In this breach of contract action, plaintiffs are suing to recover on a contract through which they were to provide certain goods to defendant. Defendant and the additional counterclaim defendant have counterclaimed for breach of contract and fraud. Presently before the Court is plaintiffs’ motion in limine for a determination of the proper method of calculating the appropriate amount of statutory pre-judgment interest in this action. The dispute over this legal issue has stymied the parties’ attempts at a negotiated settlement.

BACKGROUND

Based on an affirmation submitted by plaintiffs, the following appear to be the facts relevant to the present motion. In May, 1983, the parties met to discuss the sale of a blackjack game to defendant DMS, Inc. (“DMS”). Through an exchange of correspondence, the parties agreed that plaintiff North American Foreign Trading Corporation (“NAFTC”) would supply defendant with a total 164,968 units in minimum monthly installments of 15,000 units at a cost of $12 per unit. Defendant provided plaintiffs with a deposit of $100,000 to be applied only to the last shipment.
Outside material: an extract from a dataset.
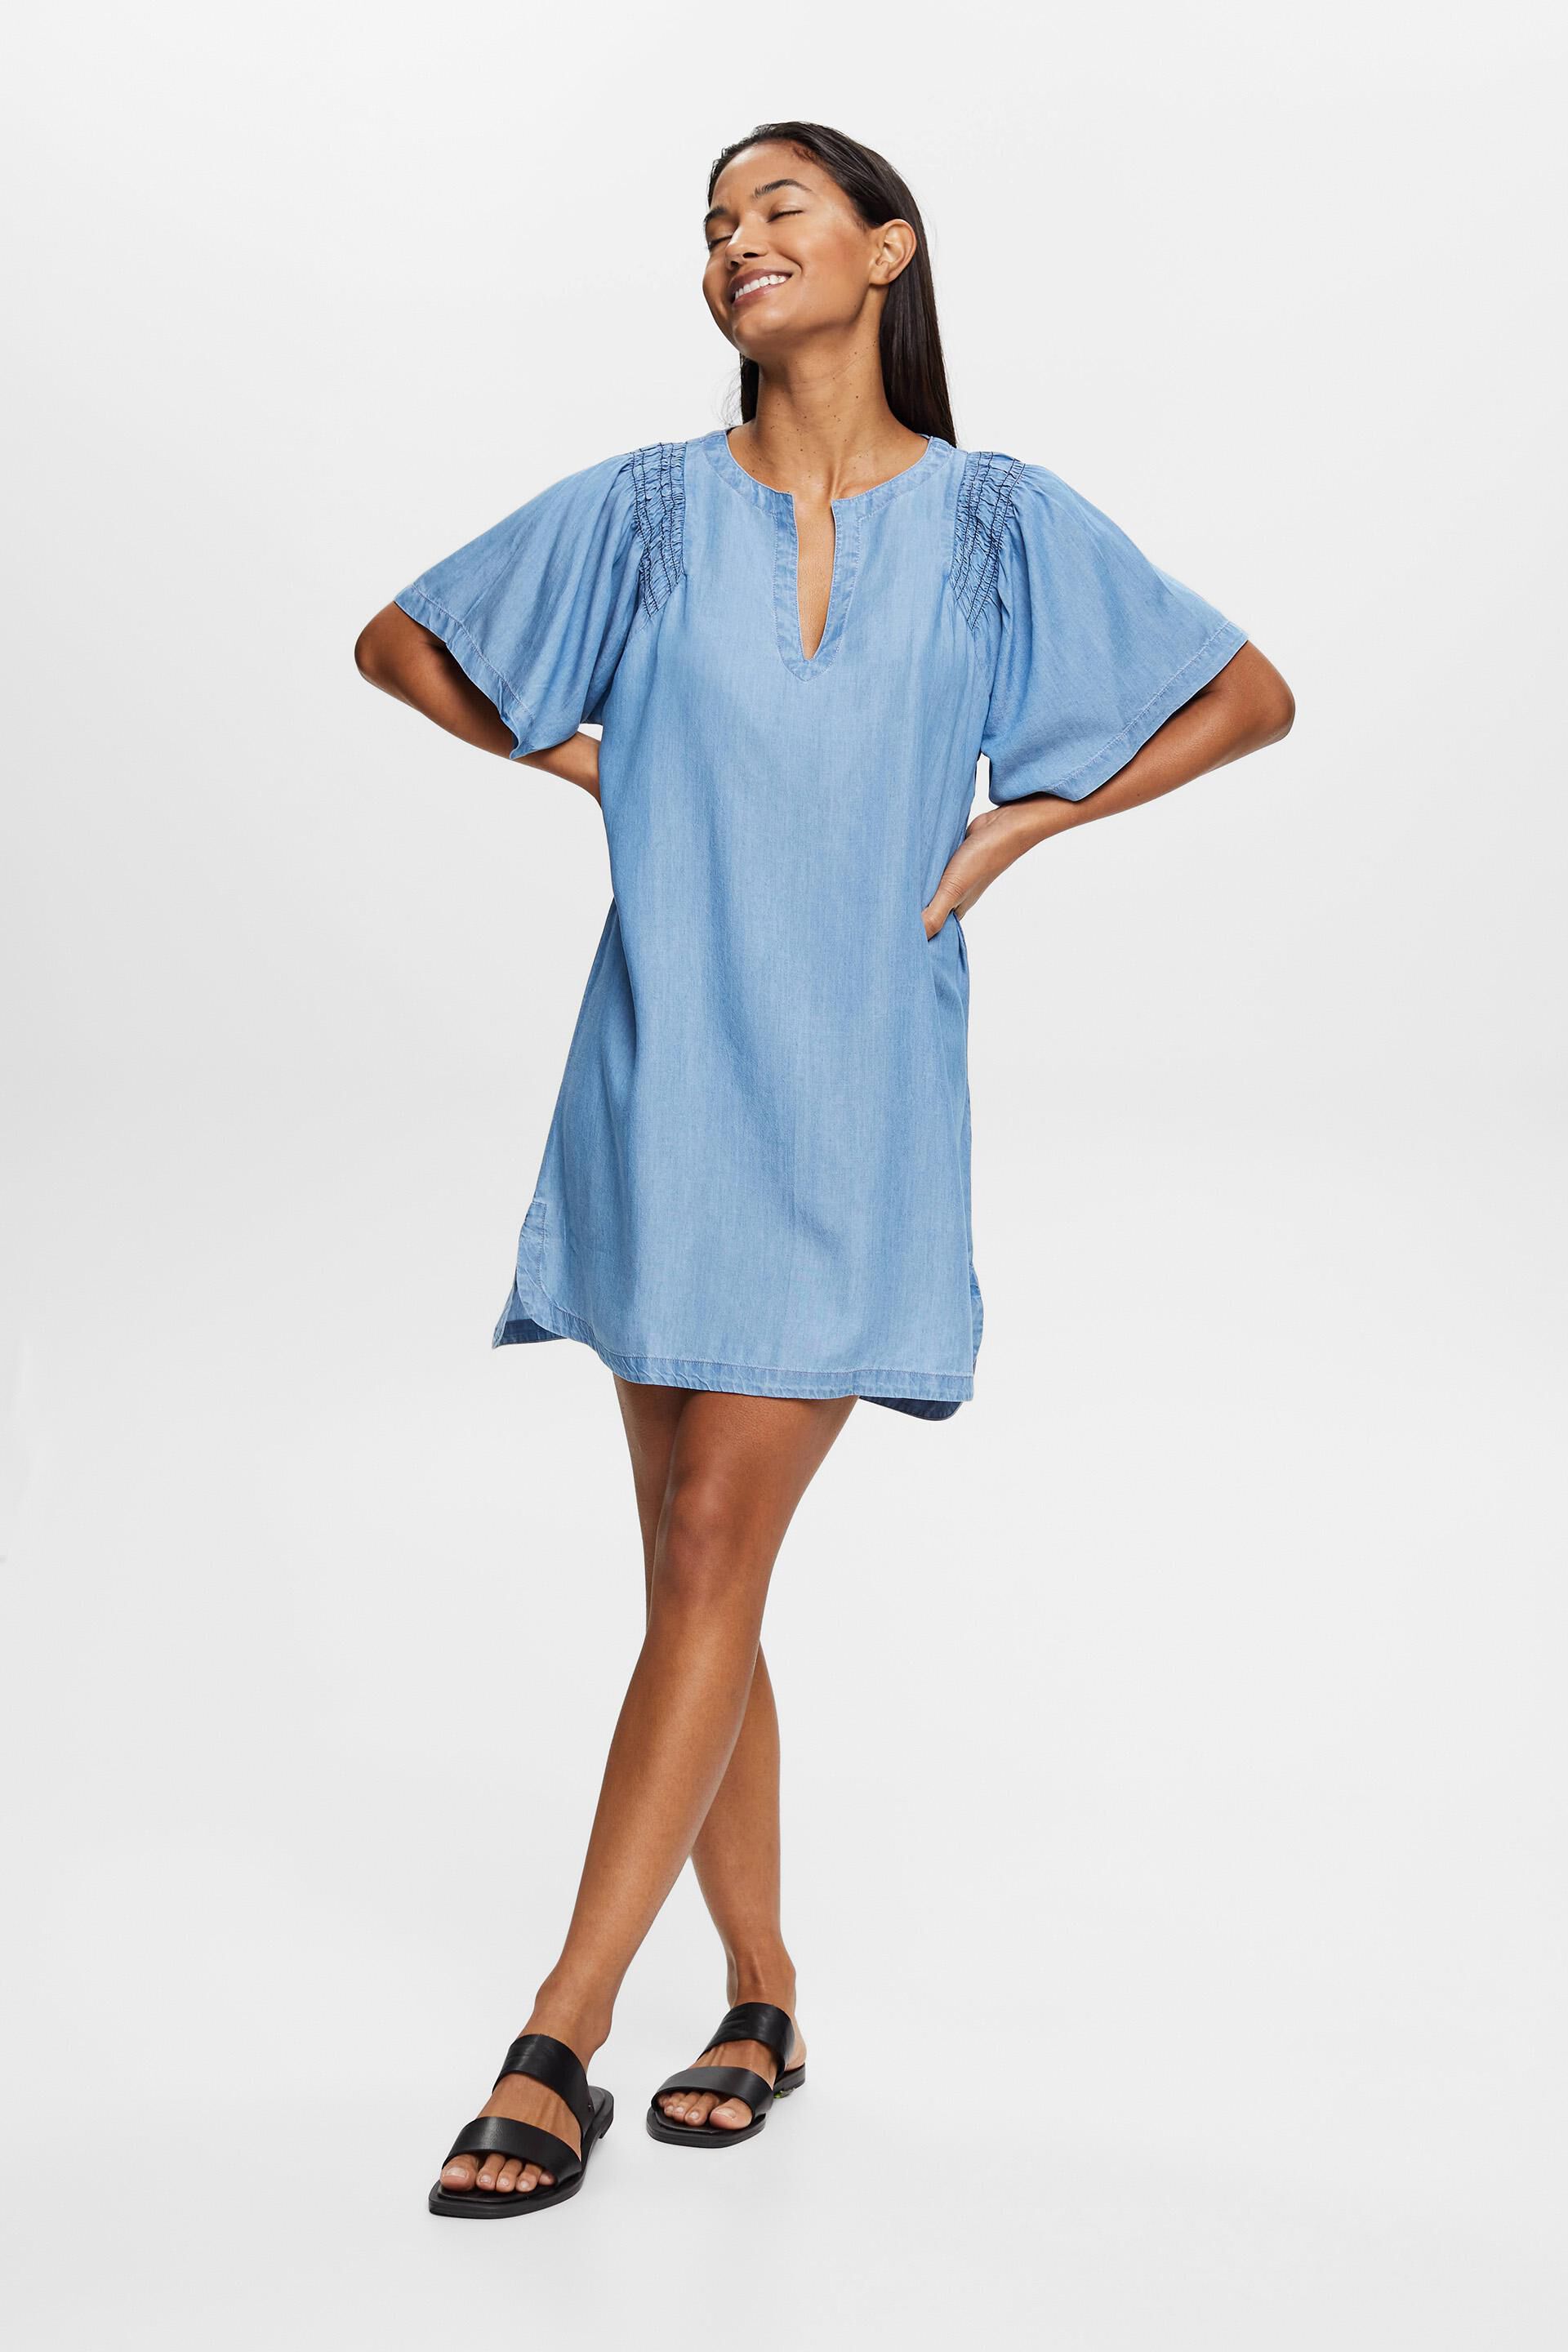 Touch of Cool Denim Tunic - Chico's
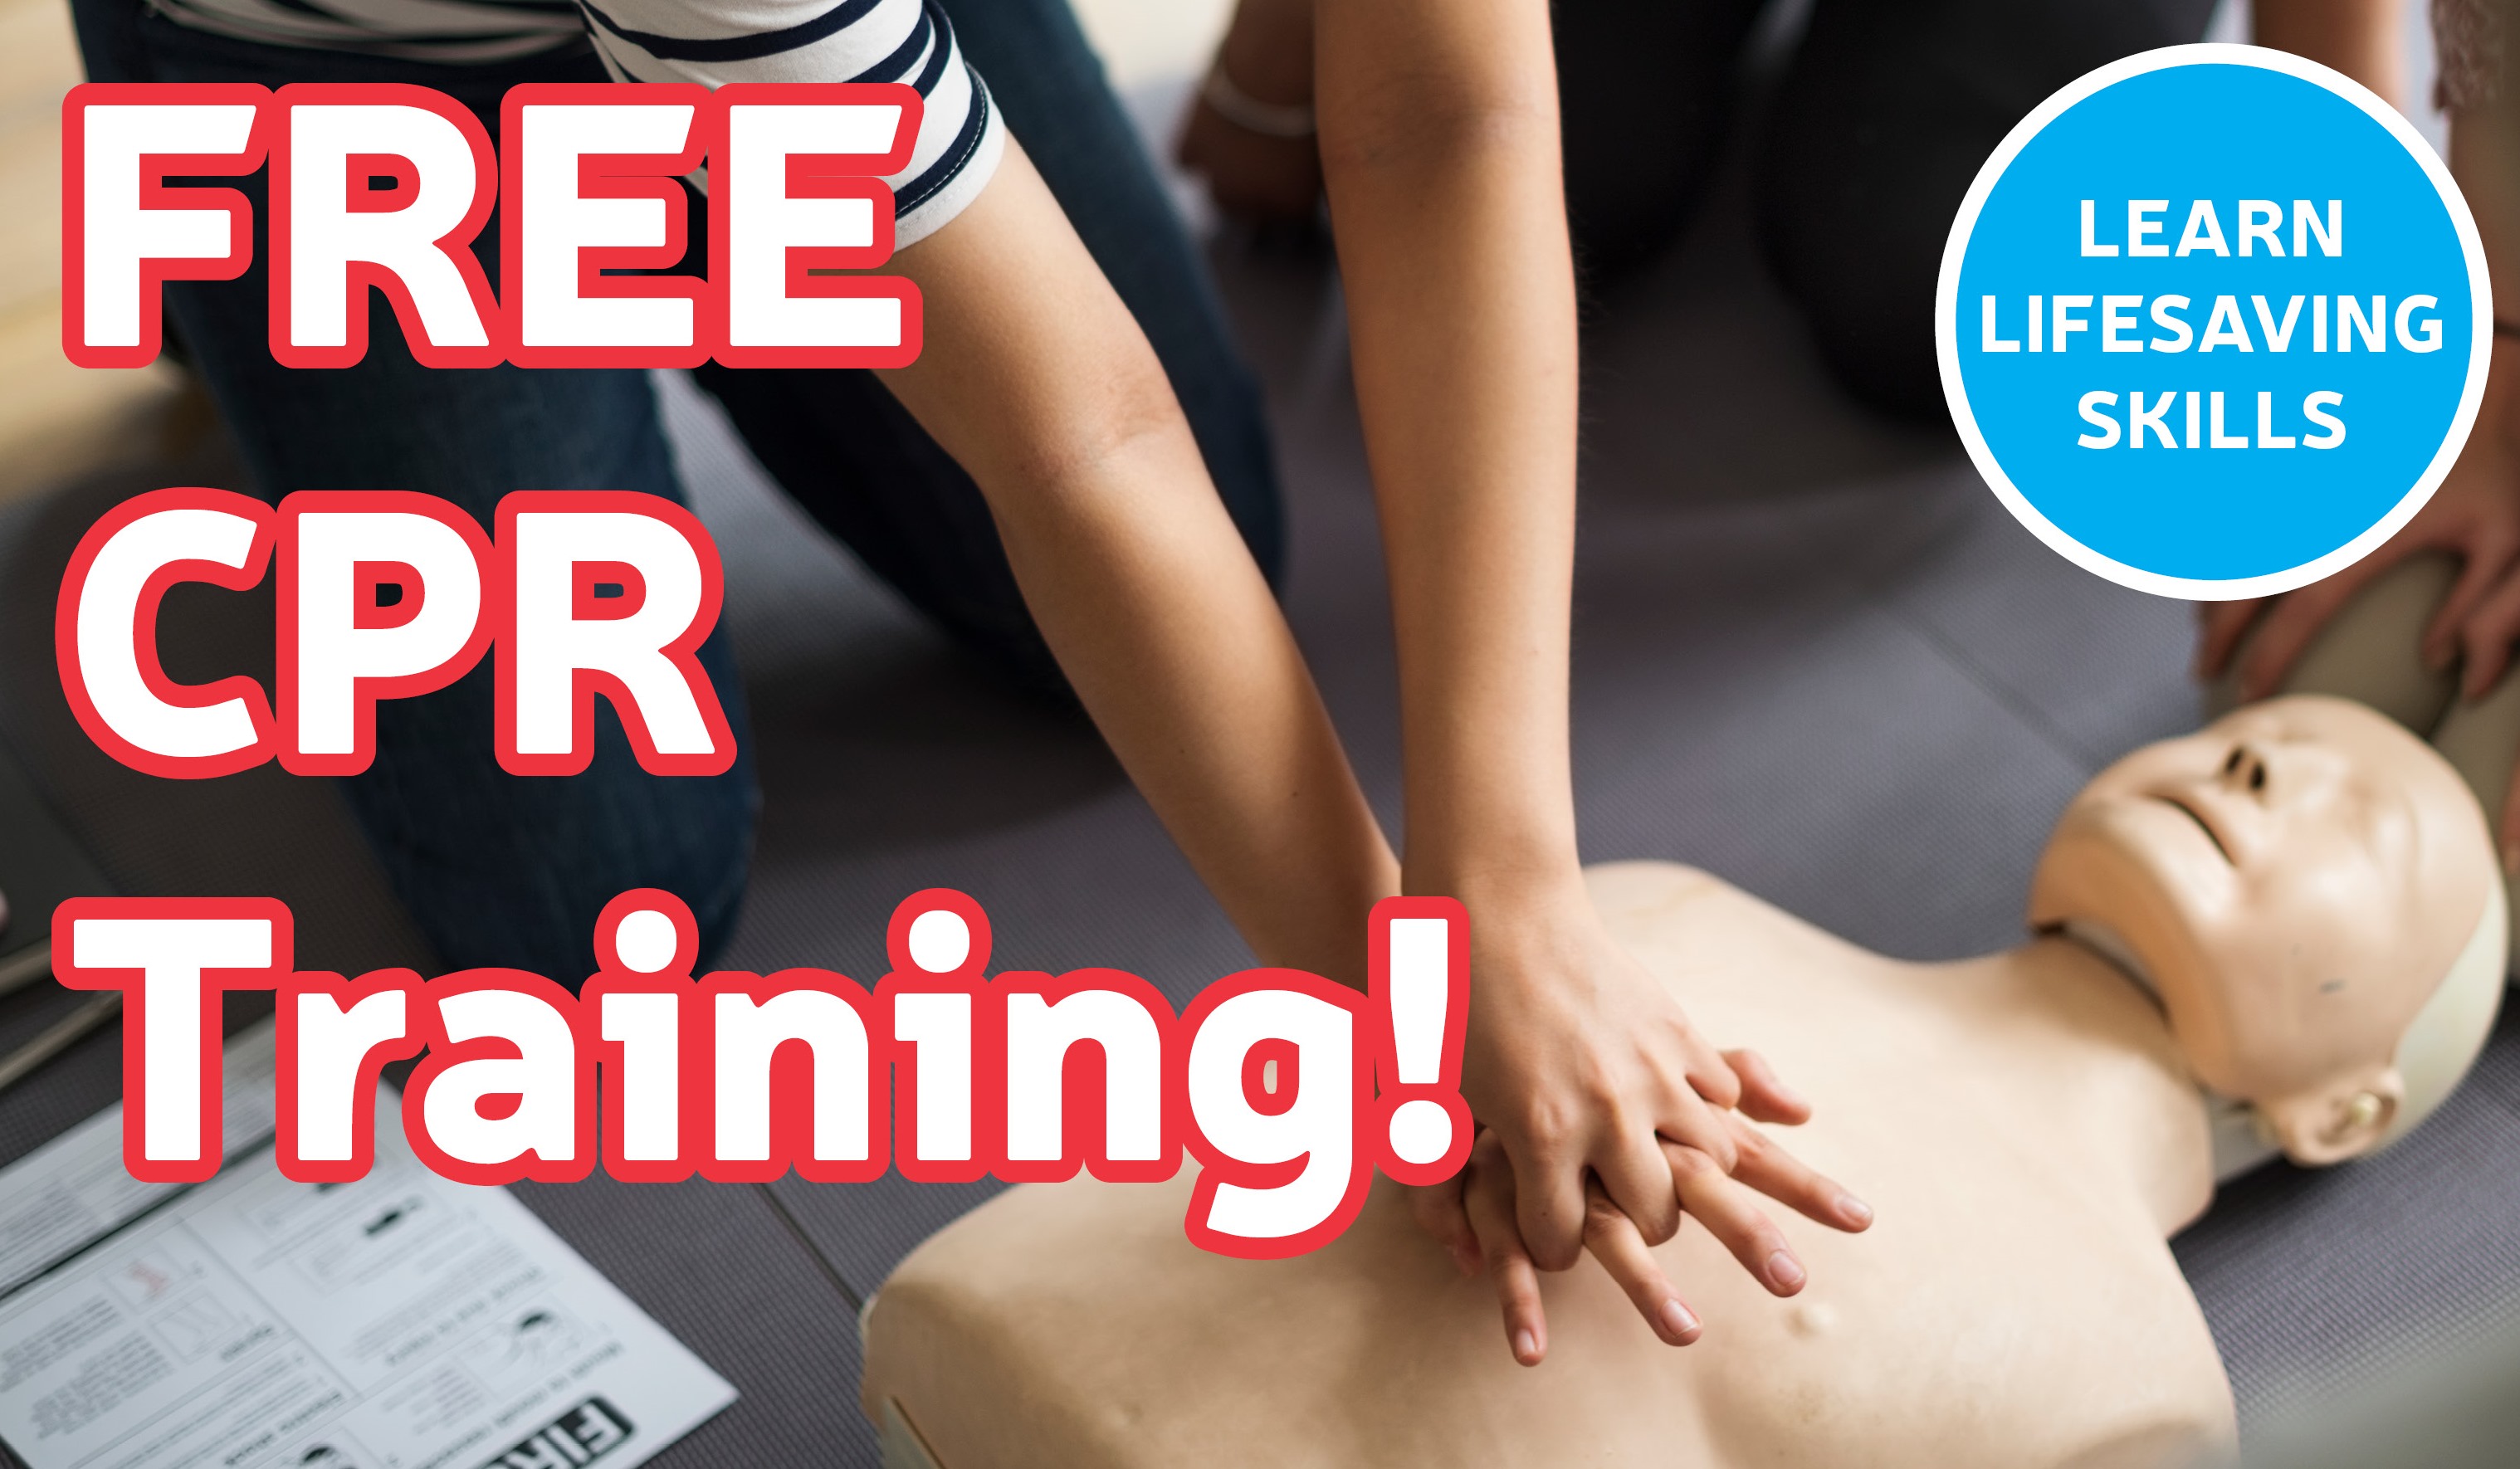 FREE CPR Training with Croí! Croi Heart & Stroke Charity

NAFTC made monthly shipments of 15,-000 units to defendant from May, 1983 through August, 1983. DMS paid the contract price of $12 per unit for each of these shipments. In September, 1983, DMS requested NAFTC to delay the monthly shipments until February or March, 1984 to allow DMS to consume its current inventories. By letter dated September 15, 1983, Gordon Nelms, defendant’s representative, stated the reasons for requesting the delay, noted that plaintiffs had refused to delay shipments and then proceeded to cancel the outstanding purchase order for that month. Nelms concluded the letter by stating that “[n]o further shipments will be accepted by this organization.”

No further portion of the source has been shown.